Either way, I'd keep talking to him about it. Explain it has a lot to do with your mother and your need for a little more life before the routine begins - that you don't want to put either of you in a situation where resentment could build because you love him so much. You have to be fair to BOTH of you. There is always time to settle down, maybe you could meet somewhere in the middle. Do a year of exploring then give him the home life he wants. I don't know... there must be compromise or one of you will feel like you got the short end of the marriage stick.
I think you feel so claustrophobic mainly because you don't want to live so close to your mother and having to see her/deal with her on a regular basis. I can relate to that feeling. If your relationship with your mother is not too great, buying a house near her would make you feel trapped. To be honest, I feel the same way. I feel like I cannot start "living" for real and be free until I move far away from my mother. In fact, it would be best if she lived in a different country. Some people are just a bad influence on us and we have too many bad/painful memories associated with them. I think exploring the possibility of a move would not be such a bad option right now.

As far as the "routine" of marriage, well, single life can be boring too. I'm in my 30s, single, never married, and a lot of days I'm also bored out of my mind and feel like I'm suffocating. It's the same "home-work-grocery shopping-bill paying-apartment cleaning" routine, except I have no one to help me and I come home to an empty apartment day after day. So, I don't know if you'd like to trade places with that.
I can totally understand both sides, but like I said before - until you are ready to settle he can't force the issue as a 'his way or the highway' bottom line. You ARE younger, he has to respect that, and he is older and you need to respect that as well. What point will there be in "settling" and "investing" if it's only in an resentment filled marriage because one partner isn't getting the equality they're looking for? A year would not slow down his process by much at all, and it gives you the opportunity to experience what you need. It doesn't sound like you're asking for years and years - something must be better than nothing. But buying a house somewhere you don't want to live is not going to be a pleasant situation for your marriage, which holds the possibility of unhappiness between you two and NOT just where you live as a result.

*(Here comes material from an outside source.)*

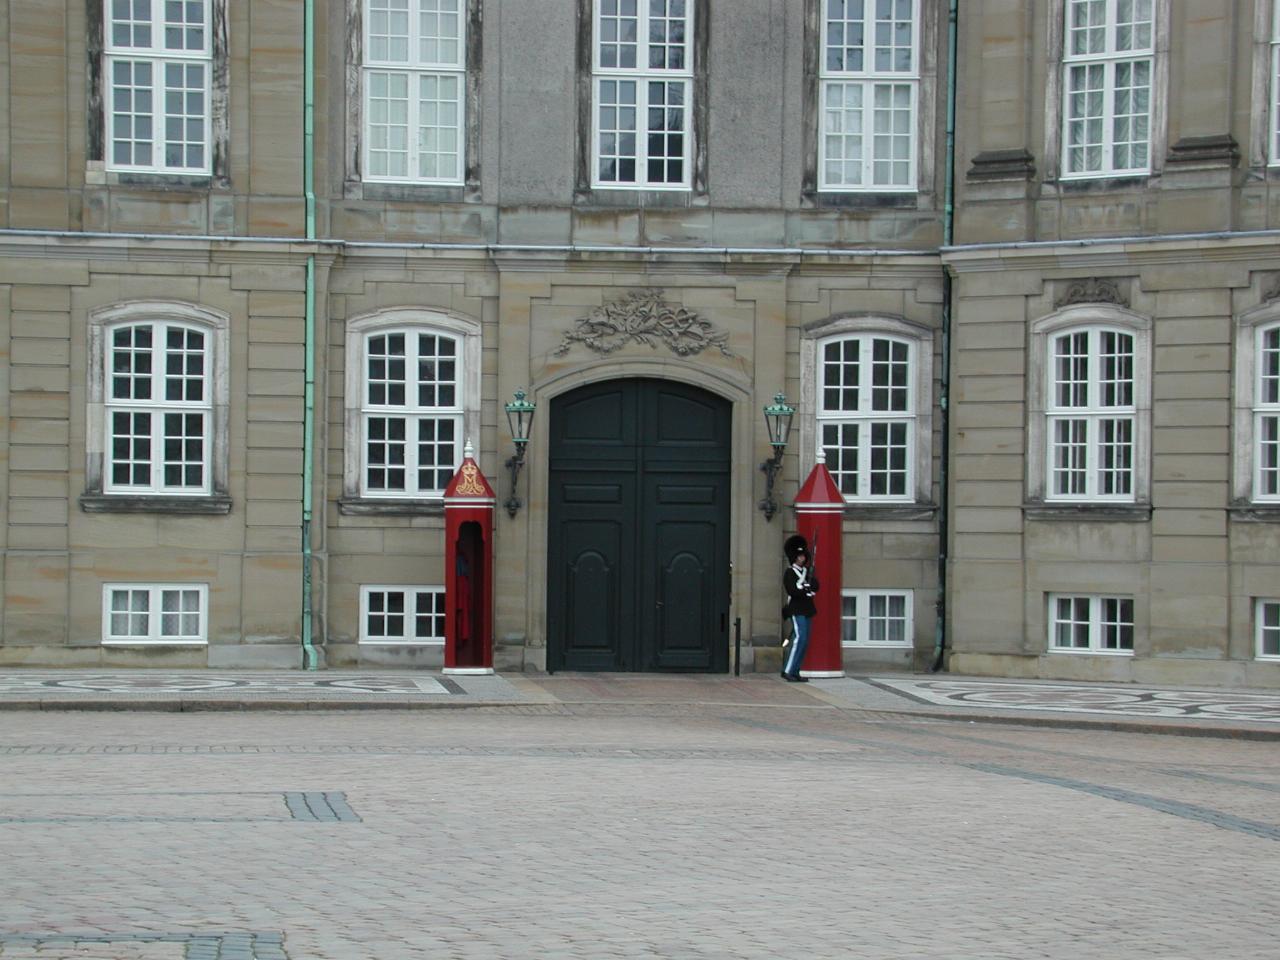 KPLU Viking Jazz: Amalienborg Plads (Plaza): Guard on duty

Is a house purchase *right now* so very important to him that he's willing to risk the bond of marriage that you two hold? The point is you are not asking him to give that up for long, and certainly not forever, if he could just be patient for a year or two and help you fulfill your needs it'll be such a better situation down the road when you DO invest and buy a home and have children. If you were asking for 5-10 years I'd see his point, but honestly, a year or two would not put him far behind by any means, and he wouldn't be forcing you into a situation that would make you terribly unhappy.

I don't know, it just seems like there must be a middle ground here, you just have to find what works for the 2 of you in all fairness.
YES!!! This is so totally me these days. I think for me it's a midlife crisis (I am 41) but I think you can have a mid-life crisis at any age.

I am at a place where I find myself questioning my choices and whether there were better choices I could have made both as far as career, spouse, and children (no kids)...I love my husband but there are days when I think that "he is not enough for me"

I want to travel and I want to do new things, he is content to stay put and do the same things we've always done for the last 10 years of our marriage.


I don't know what the answer is but you aren't alone!